We all want cleaner air in Baltimore City. But without a plan to manage our current waste crisis, the City Council’s proposed Clean Air Act will do just the opposite.

Auto emissions are by far the largest source of air emissions in Baltimore City.

  • Cars travelling in Baltimore City produce 4 times the emissions of Wheelabrator Baltimore.
  • Highway gasoline and diesel-powered vehicles traveling in Baltimore City are the largest source of emissions by far at 46% – four times that of Wheelabrator Baltimore.
  • The Environmental Integrity Project’s 2017 report, “Asthma and Air Pollution in Baltimore City” stated “it is likely that on-road vehicles are the largest contributor to the air pollution that people breath in Baltimore. This is because there is significant traffic congestion in the area and because vehicle tailpipes, which are relatively close to ground-level, do not disperse pollution as widely as taller smokestacks.”

Waste-to-Energy is the only alternative to landfills.

  • Diverting waste from landfills reduces greenhouse gas emissions that landfills emit and reduces the consumption of fossil fuels necessary to transport waste to landfills.
  • The only alternative to waste-to-energy is landfilling. Without Wheelabrator Baltimore’s waste-to-energy facility, Baltimore City would send hundreds of thousands of tons of additional waste to landfills each year, including the recyclable metals that Wheelabrator pulls out of the waste stream for recycling.
  • At current disposal rates, the remaining capacity of municipal landfills in Maryland is only an estimated 31 years. Waste-to-energy facilities in comparison have indefinite lives if maintained properly.
  • The U.S. EPA prefers waste-to-energy over landfilling for the management of post-recycled waste, stating that: “Converting non-recyclable waste materials into electricity and heat generates a renewable energy source and reduces carbon emissions by offsetting the need for energy from fossil fuel sources and reducing methane generation from landfills.


A new landfill in Baltimore City.

Quarantine Road landfill will reach full capacity by 2026. Without Wheelabrator Baltimore, this will be reduced significantly. Plans for an expansion at Quarantine Road will cost Baltimore taxpayers $86 million. However, recognizing that full capacity will be reached there before an expansion is completed, they are evaluating alternate locations for another landfill in the city.

Waste-to-energy reduces out reliance on fossil fuels.

Wheelabrator Baltimore reduces out reliance on fossil fuels by offsetting the need for up to:

  • 795,067 barrels of oil annually.
  • 238,479 tons of coal annually.
  • 3.6M cubic ft. of natural gas annually.

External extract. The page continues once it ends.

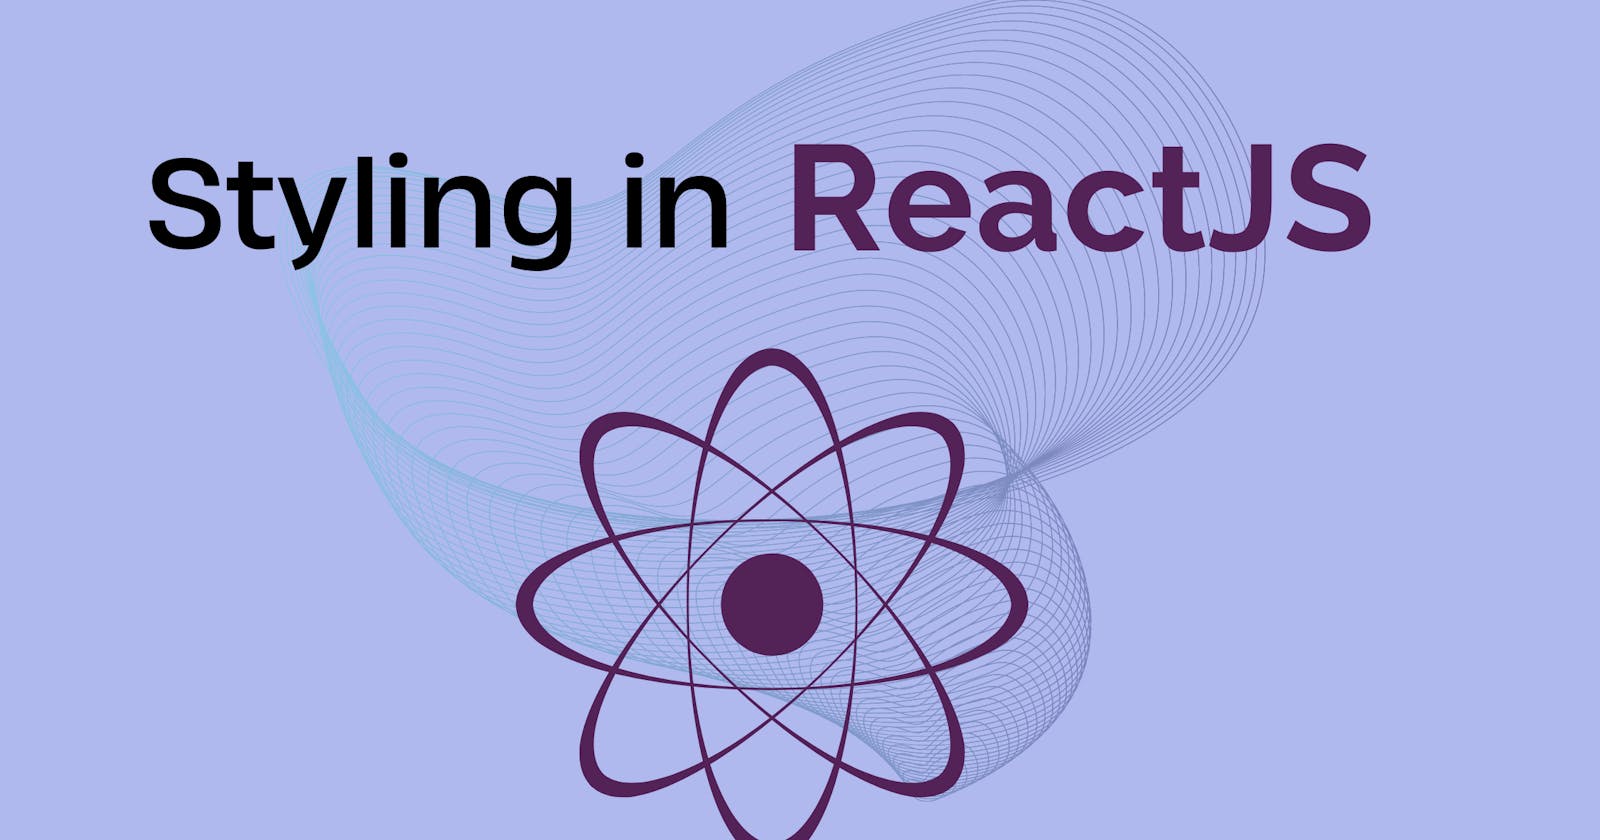 CSS styling in ReactJS

Without Wheelabrator Baltimore, we must 1) add approximately 37,000 new tractor-trailer trips to our streets to move waste out of the city or 2) landfill the waste locally. Replacing waste-to-energy with landfilling would generate an additional 204,692 tons of greenhouse gases each year in Baltimore.

Green Steam.

Green Steam is a clean alternative to fossil fuels like natural gas and fuel oil.

Wheelabrator Baltimore generates “green steam” for downtown Baltimore’s heating and cooling system operated by Veolia North America.

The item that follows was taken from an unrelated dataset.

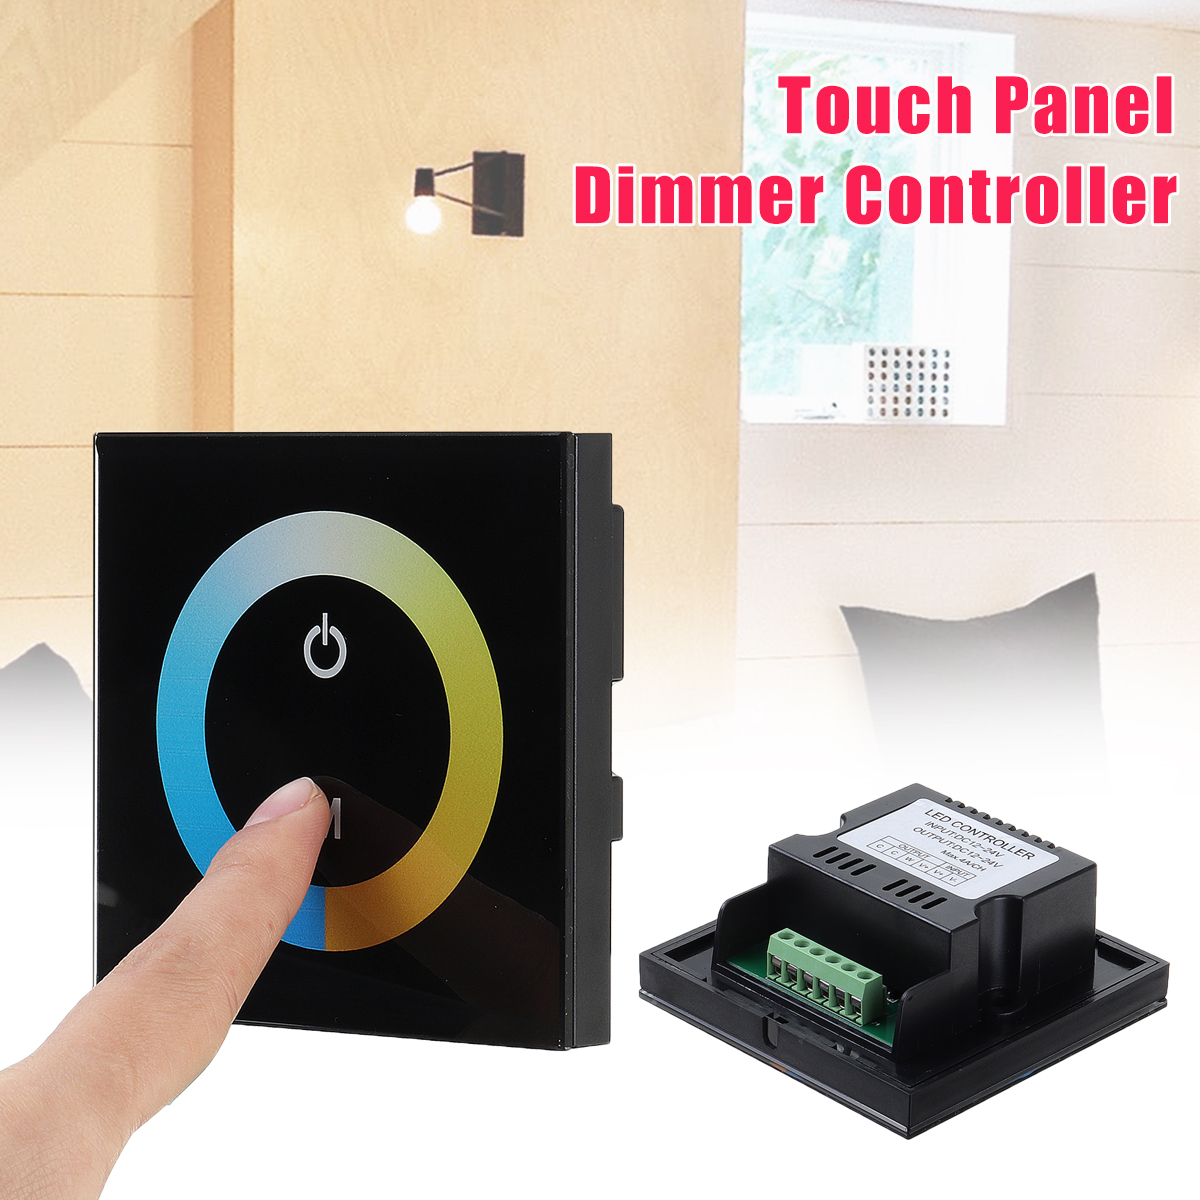 DC-12V-24V-LED-Light-Dimmer-Controller-Switch-Wall-Mounted-Sensitive-Touch-Panel-Dimmer-Switch-1610039-2

This “green steam” powers commercial, healthcare, government, institutional and hospitality customers in Baltimore City, including M&T Bank Stadium.

The green steam used by downtown Baltimore businesses reduces greenhouse gas emissions by 47,000 tons each year, which is equivalent to removing 8,400 cars from the road.

What the experts say.

“As a society we can achieve the cleaner air, water, and soil that we all want. Working toward a more circular economy is in everyone’s best interest. But it is only through a pragmatic approach rooted in scientific and engineering realities that we will achieve success. Some organizations are actually rooted, however, in ideology, and this rigidity only serves, ironically, to hinder our progress toward a cleaner environment.


“There is an alternative waste management option that America has not significantly utilized but that could help stem the flow of waste, and thus pollution emissions, in our country: energy-from-waste facilities. According to the EPA, for every ton of garbage processed at an energy-from-waste facility, approximately one ton of emitted carbon-dioxide equivalent in the atmosphere is prevented.”